• _Problem description_
Word for word, output every line of the material below, minus pictures.

┌─ Information shown

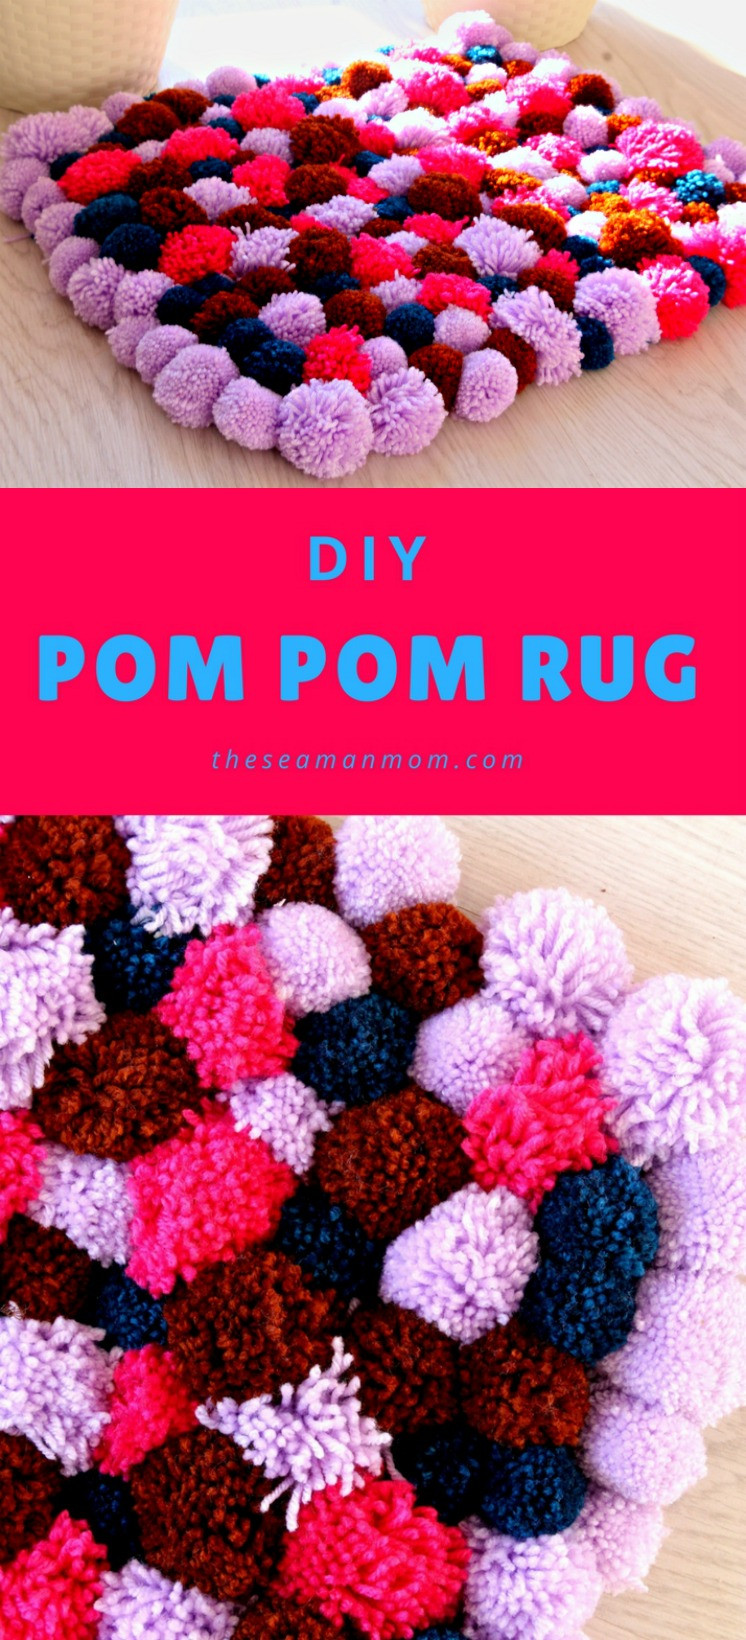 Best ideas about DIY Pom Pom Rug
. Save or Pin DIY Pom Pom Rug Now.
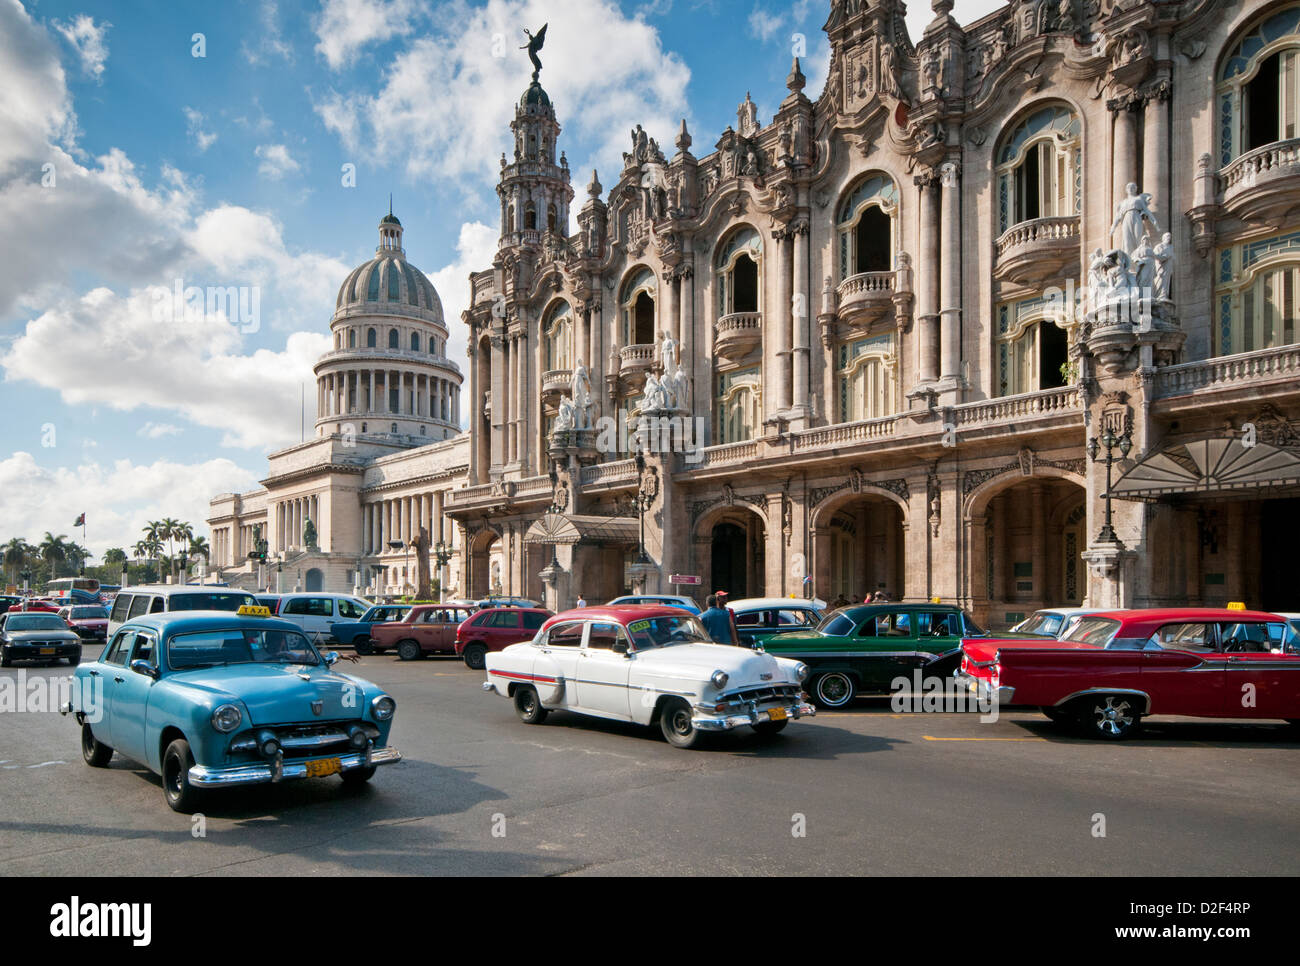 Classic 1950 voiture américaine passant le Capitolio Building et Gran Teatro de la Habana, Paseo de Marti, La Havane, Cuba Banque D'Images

└─

• _Answer space_
 Best ideas about DIY Pom Pom Rug
. Save or Pin DIY Pom Pom Rug Now.
 Classic 1950 voiture américaine passant le Capitolio Building et Gran Teatro de la Habana, Paseo de Marti, La Havane, Cuba Banque D'Images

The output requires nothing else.